Les habitués du Théâtre-Français de New-York ont écrit au directeur, M. Grau, la lettre suivante :
« New-York, 8 mars 1869.
« Cher Monsieur,
« Nous ne voulons pas que la campagne actuelle se termine, sans vous offrir un témoignage de notre gratitude pour l’énergie et l’habileté déployées par vous dans la direction du Théâtre-Français.
« Vous avez fait représenter les œuvres des auteurs les plus populaires du jour, avec un luxe inconnu dans ce pays. Vous avez remanié le théâtre à vos frais, de façon à en faire non-seulement une des salles les plus agréables de la ville, mais une des plus sûres.
« Tous ces efforts sont aussi vivement appréciés par le public que par nous.
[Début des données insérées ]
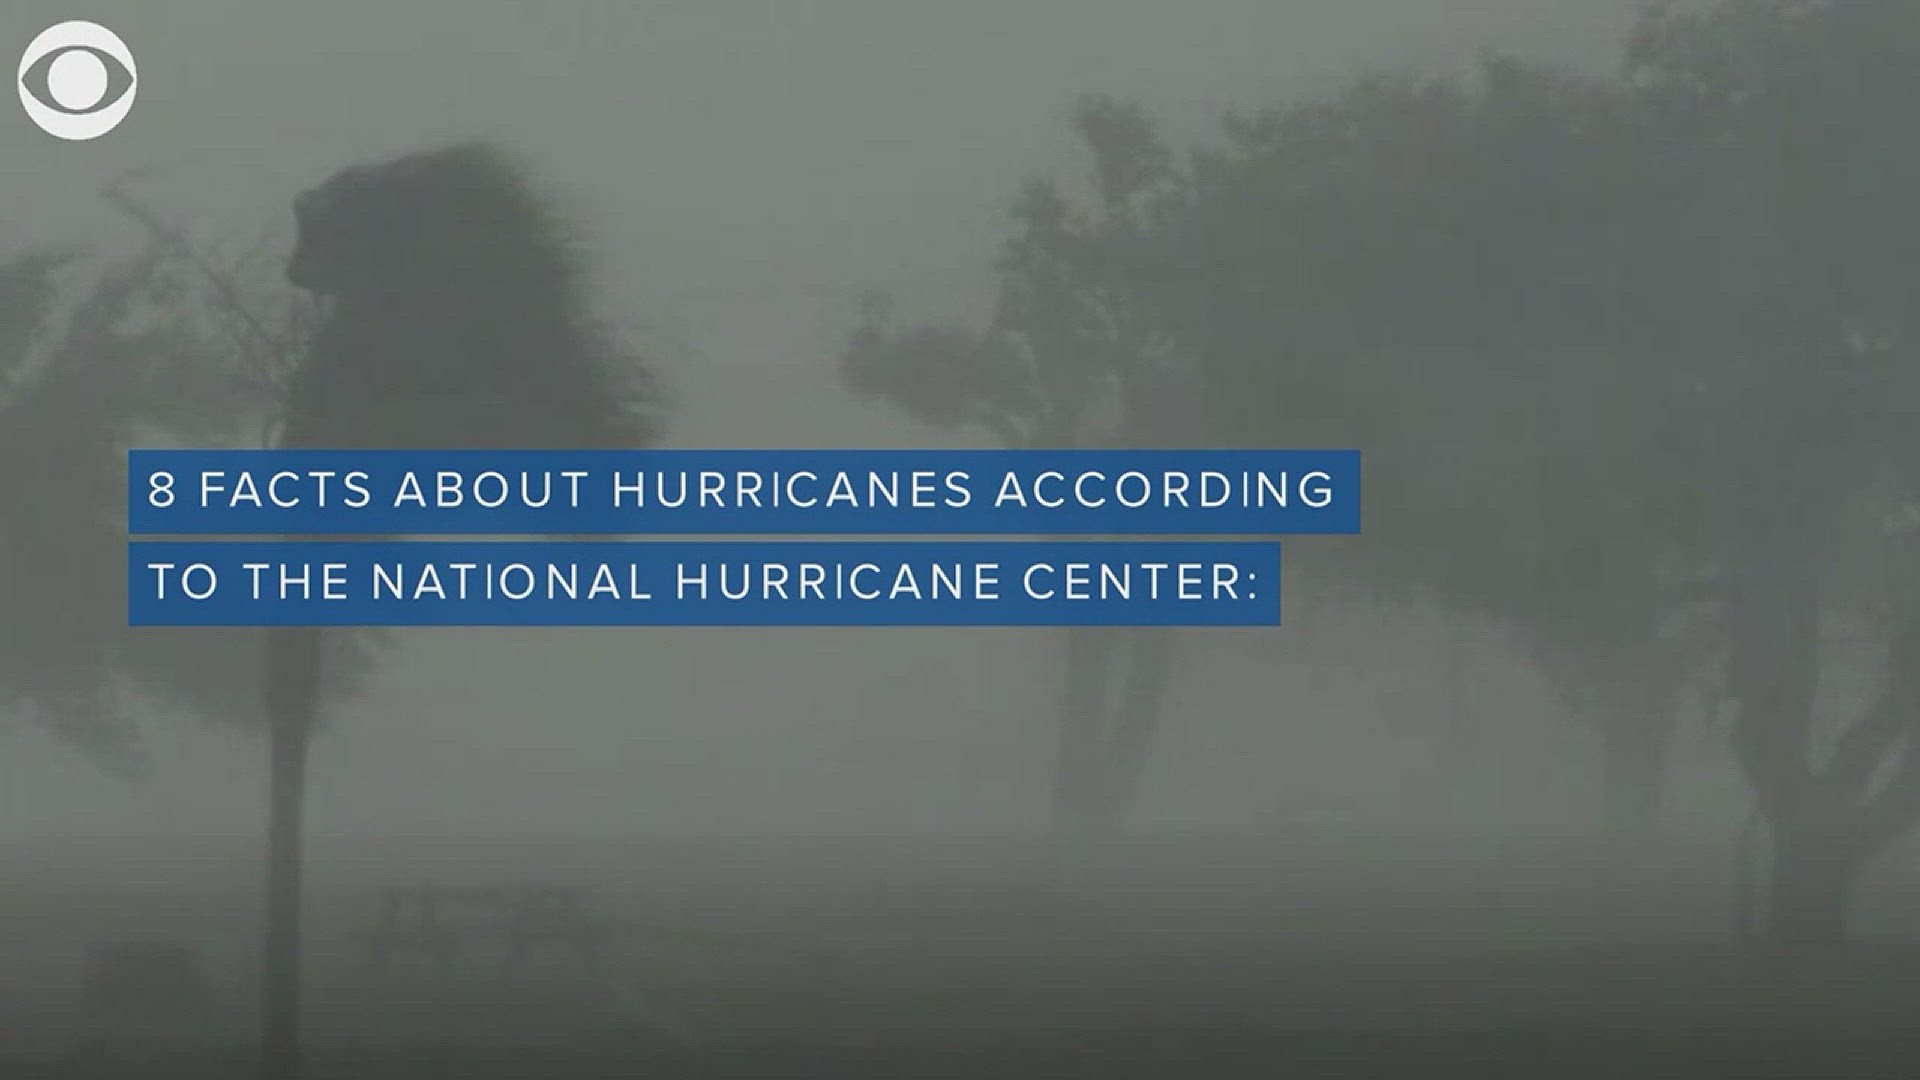 Facts From the National Hurricane Center

C’est pour les reconnaître que nous désirons vous offrir, sous la forme substantielle d’un bénéfice qui aura lieu le jour que vous indiquerez, un témoignage de notre estime.
« Agréez, etc.
M. Grau a répondu
« Messieurs,
« J’ai l’honneur de vous accuser réception de votre lettre si flatteuse du 8 courant, m’offrant une représentation à mon bénéfice en témoignage de votre appréciation des efforts faits par moi pour assurer au Théâtre-Français une position exceptionnelle.
« Laissez-moi vous remercier sincèrement de vos éloges, et soyez assurés de mon unique ambition sera de mériter votre estime.
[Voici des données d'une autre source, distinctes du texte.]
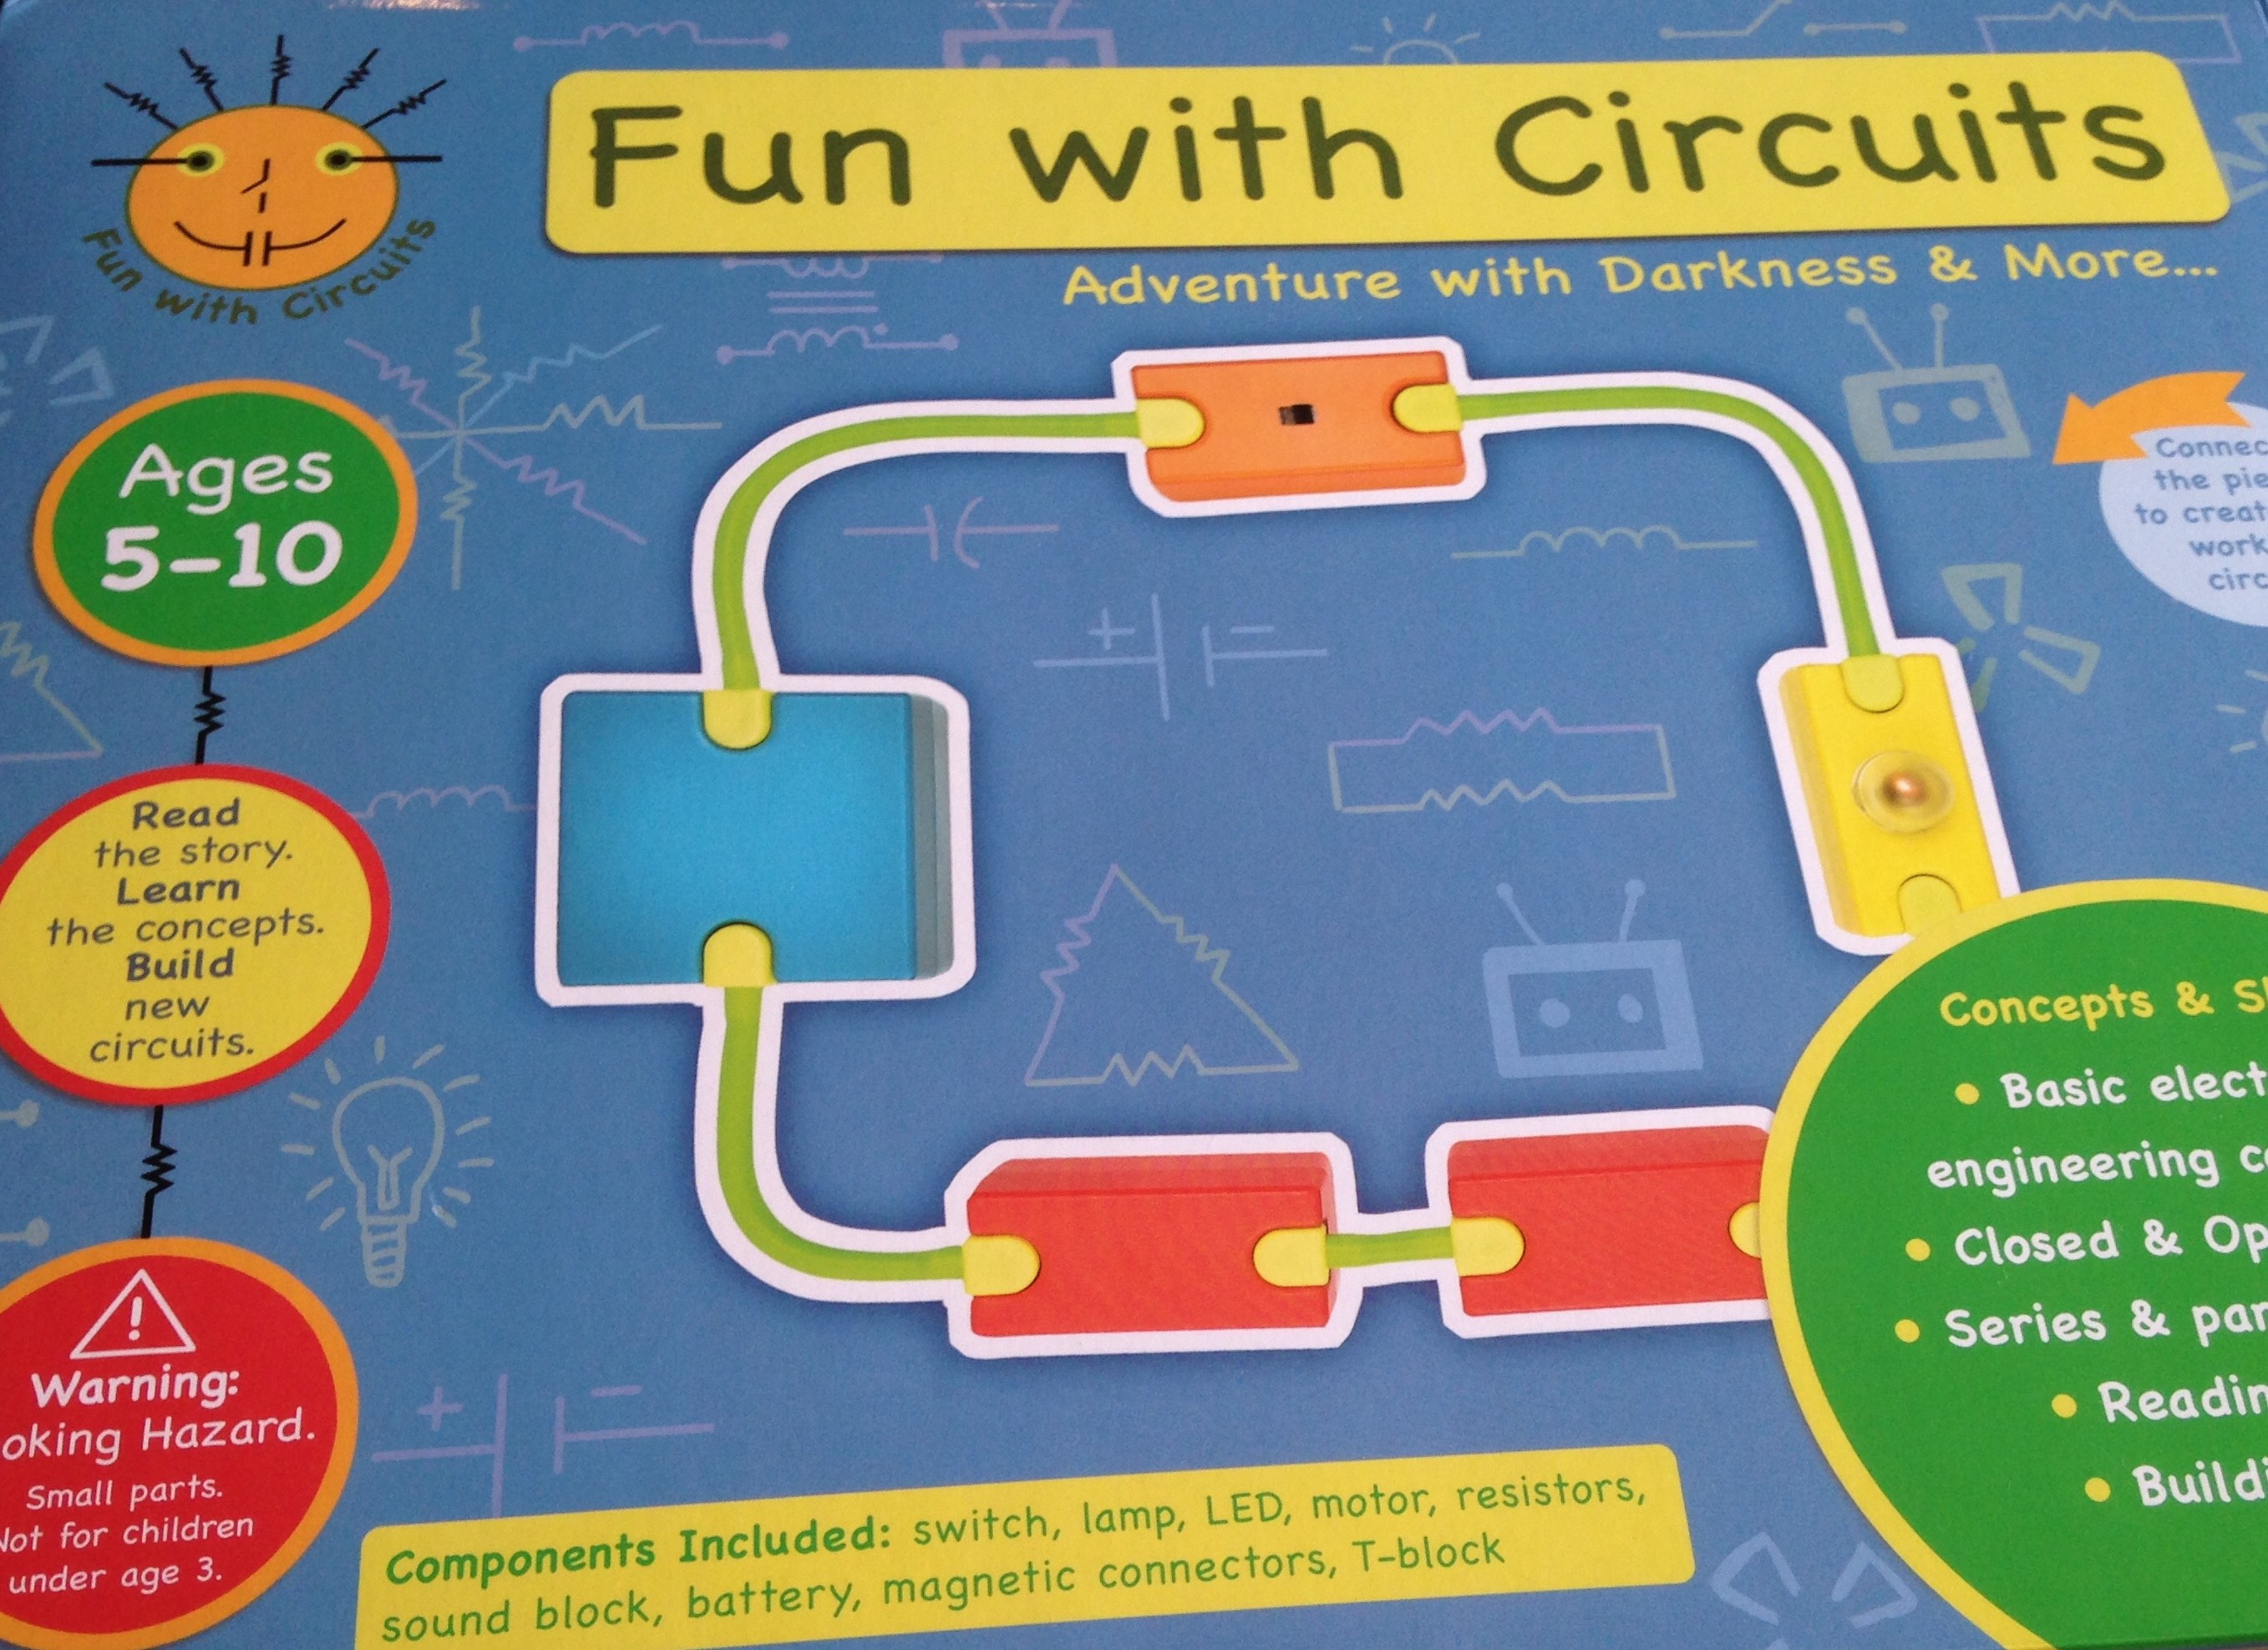 Fun with Circuits Review

« Bien qu’il soit contre mes principes d’accepter des bénéfices, je ne saurais refuser le témoignage de gratitude qui m’est offert si généreusement par les habitués du Théâtre-Français et qui sera toujours pour moi un très agréable souvenir.
« Je choisis, en conséquence, le lundi de Pâques, 29 mars, pour le jour de la représentation à mon bénéfice, et, à cette occasion, j’aurai l’honneur de faire représenter, pour la première fois, en Amérique, la Vie Parisienne d’Offenbach.
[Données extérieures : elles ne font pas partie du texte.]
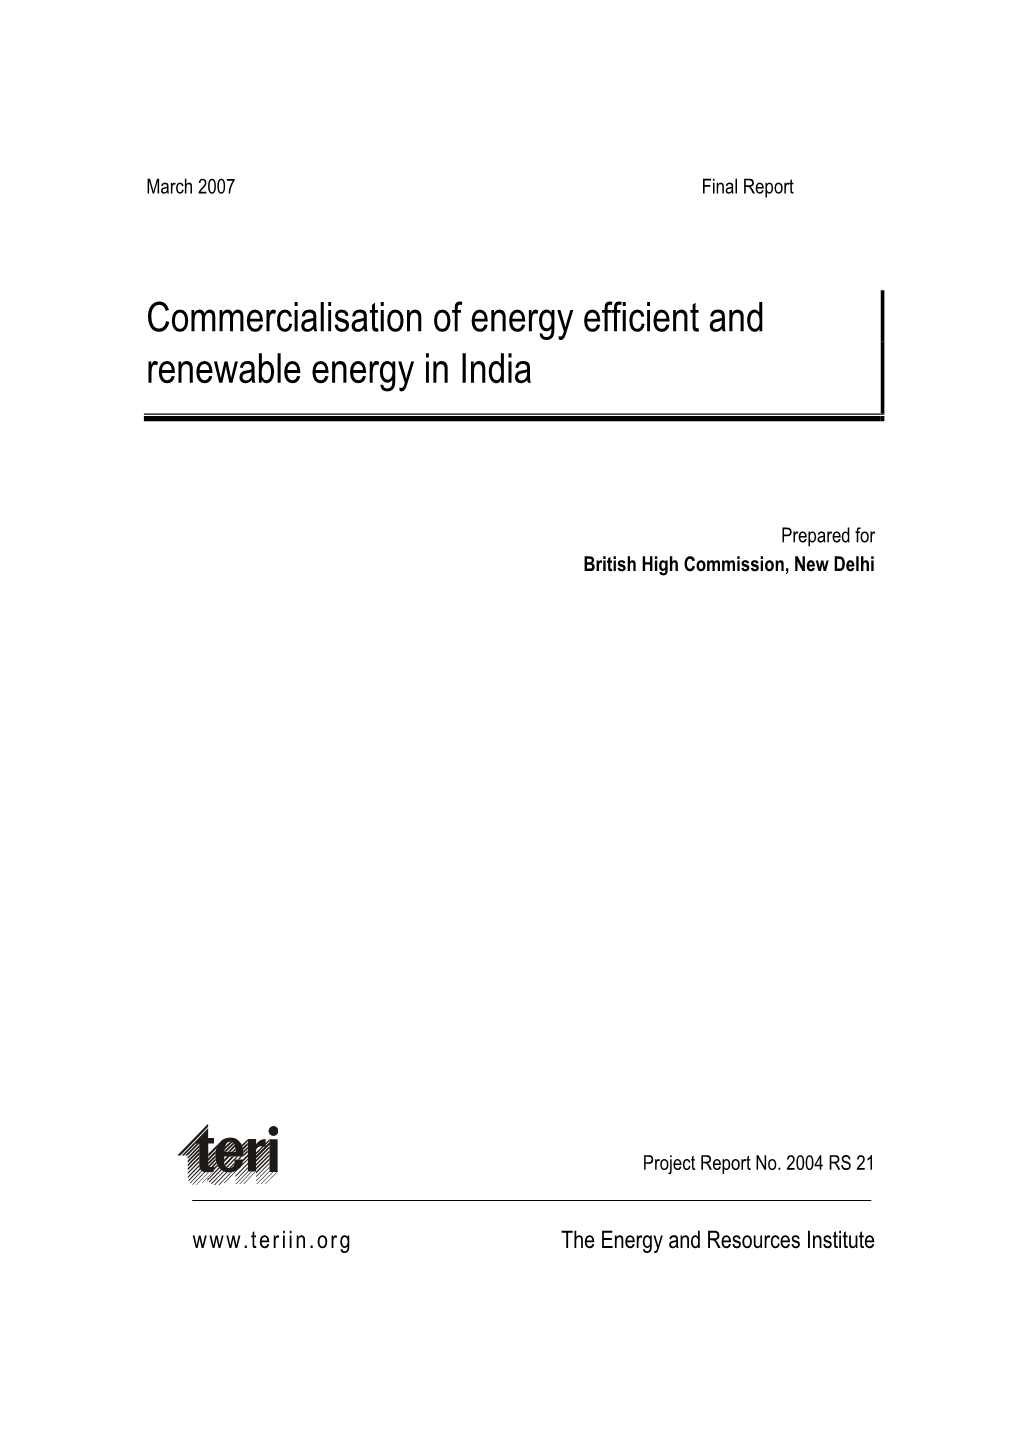 Commercialisation of Energy Efficient and Renewable Energy in India

« Croyez-moi, monsieur, etc.
« J. GRAU. »
M. Grau donnera à New-York huit représentations de la Vie Parisienne, qu’il intitule Nuits d’adieu, pendant lesquelles les entrées de faveur seront généralement suspendues, exceptés pour les journalistes.
Ces Yankees comprennent les égards qu’on doit à la presse ; quelques directeurs parisiens feraient bien d’aller à leur école.
On va jouer aux Bouffes, deux petites pièces en un acte qui ne paraîtront sur l’affiche que les dimanches, jours où l’on ne donne pas la Diva, Offenbach ayant un traité qui interdit à M. Noriac, le droit de ne faire accompagner sa pièce que d’un lever de rideau de lui.
Histoire de toucher tous les droits de la soirée, et je comprends cela, la Diva faisant toujours le maximum des recettes.
François Oswald.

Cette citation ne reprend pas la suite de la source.